– Это уже другое дело, – отмахнулся Нефедов от неприятных воспоминаний.
Галина Анатольевна Засыпкина потом признавалась себе, что он, в общем-то, был прав. Действительно, ее знание жизни, хотя, казалось бы, тоже насмотрелась всякого, и его знания – несопоставимы. В свои неполные восемнадцать он через столько прошел, через столько переступил, столько растоптал… И все это называется знанием жизни, жизненным опытом. Оказывается, и этим можно гордиться, и это годится для самоутверждения.
А потом появился документ следующего содержания:
"В действиях Нефедова Юрия Сергеевича содержится состав преступления, предусмотренный статьей 102 УК (умышленное убийство при отягчающих обстоятельствах), однако, «принимая во внимание, что Нефедов Ю. С, является несовершеннолетним, а расследование этой категории дел производится следователями органов МВД, руководствуясь статьей 126 У ПК, направить материалы уголовного дела в УВД Калужского облисполкома».

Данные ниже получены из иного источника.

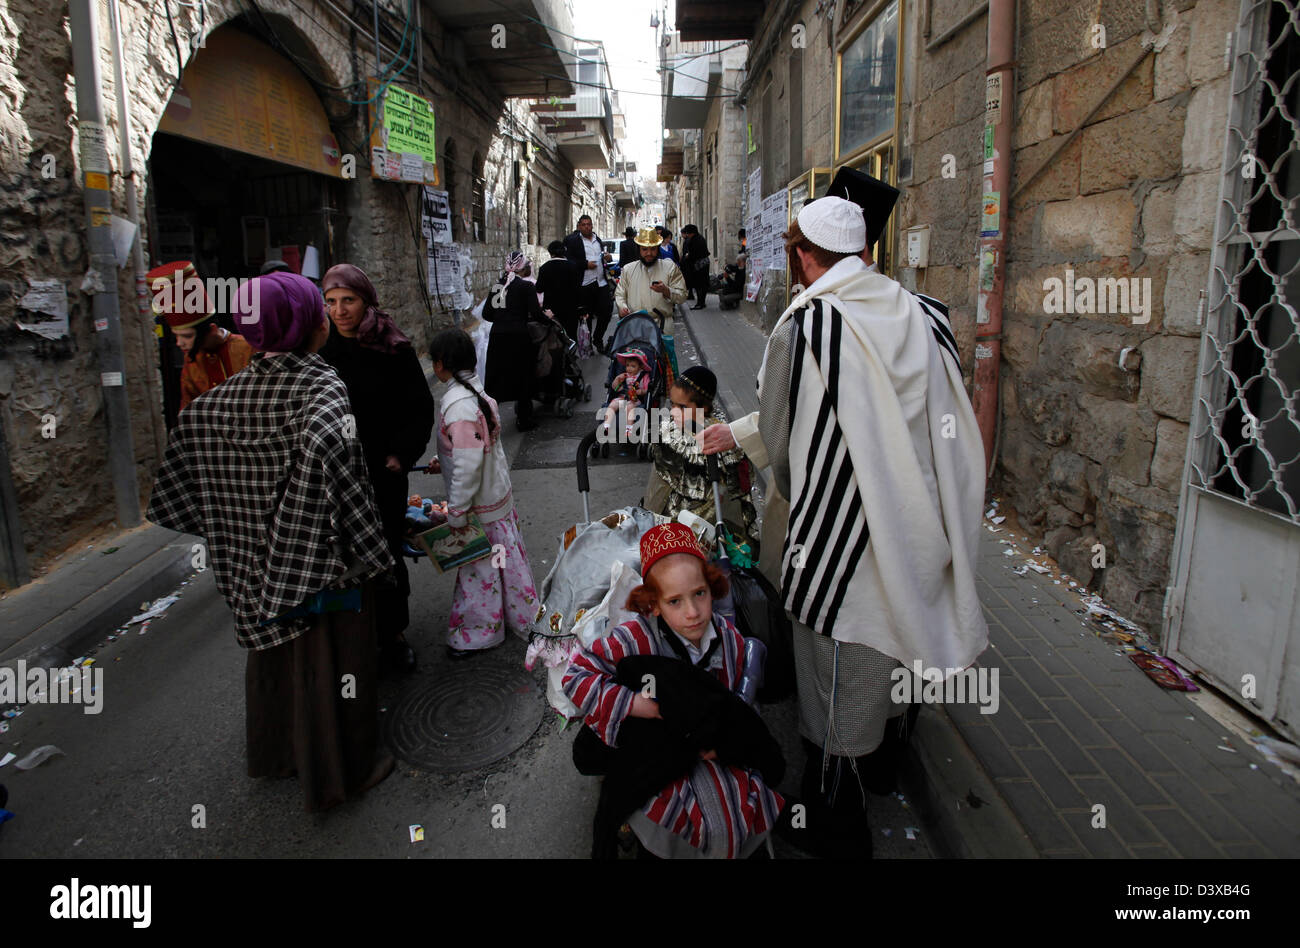 Gli ebrei Haredi indossano il costume durante la vacanza ebraica di Purim nel quartiere di Mea Shearim, un'enclave ultra-ortodossa in Israele a Gerusalemme ovest Foto Stock
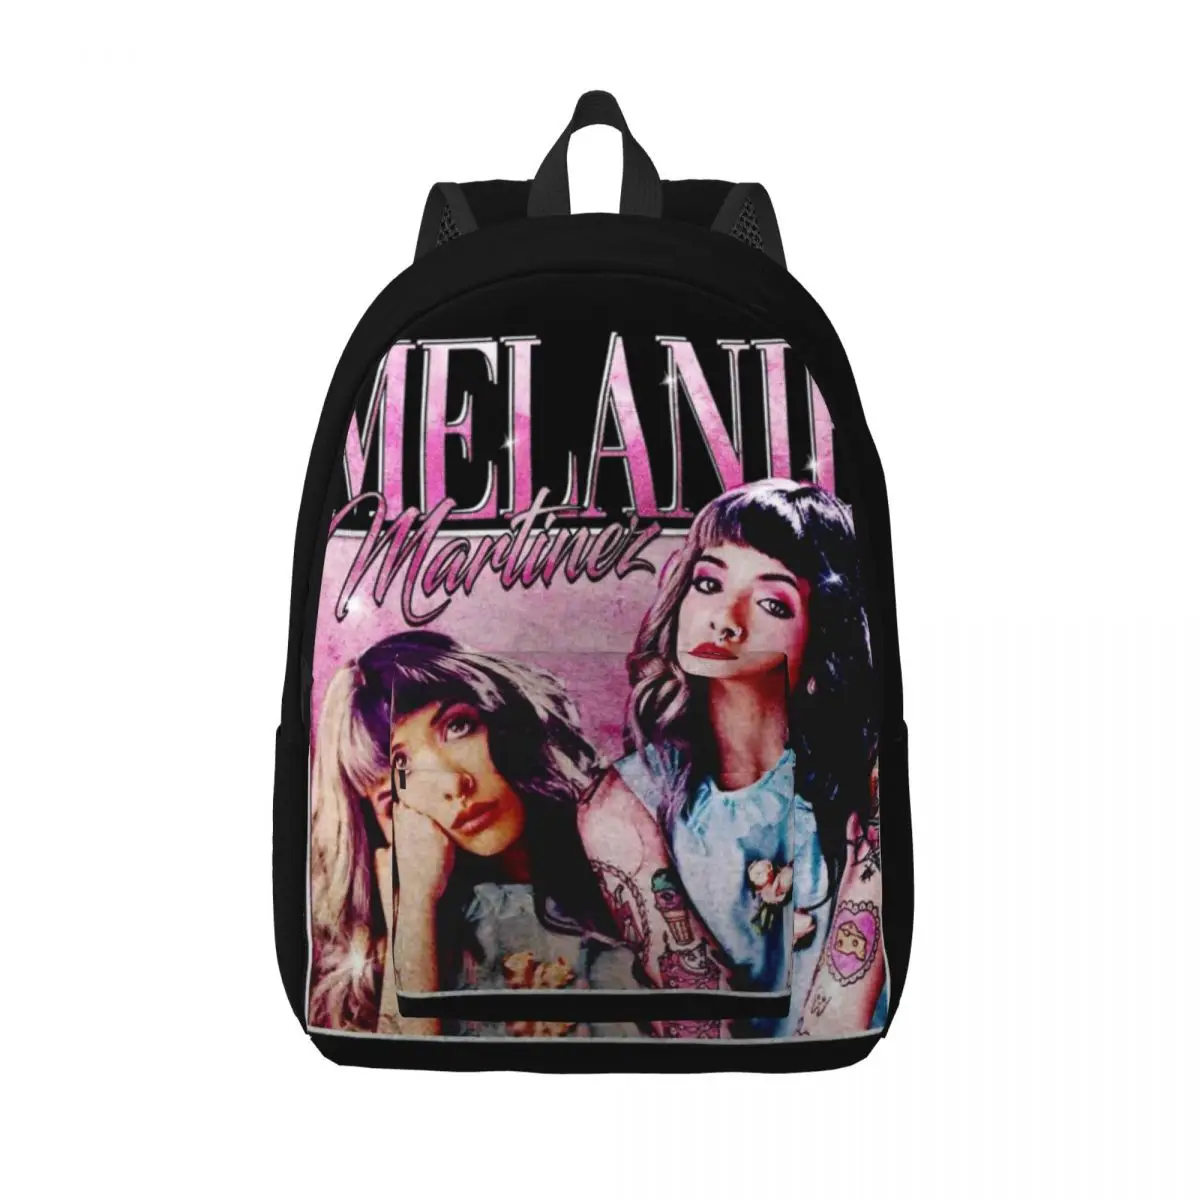 

Рюкзак для мальчиков и девочек певец мелини Мартинез, школьный ранец для учебников, рюкзак для прослушивания музыки, спортивная сумка для начальной школы детского сада

Так дело оказалось у следователя Калужского УВД Соцковой Надежды Петровны. Молодая женщина, не достающая Нефедову и до плеча, рядом с ним кажется совсем маленькой. А тот поначалу капризничал, не нравилось снова отвечать на вопросы, которые ему казались уже исчерпанными. В конце концов Надежда Петровна сумела переломить его.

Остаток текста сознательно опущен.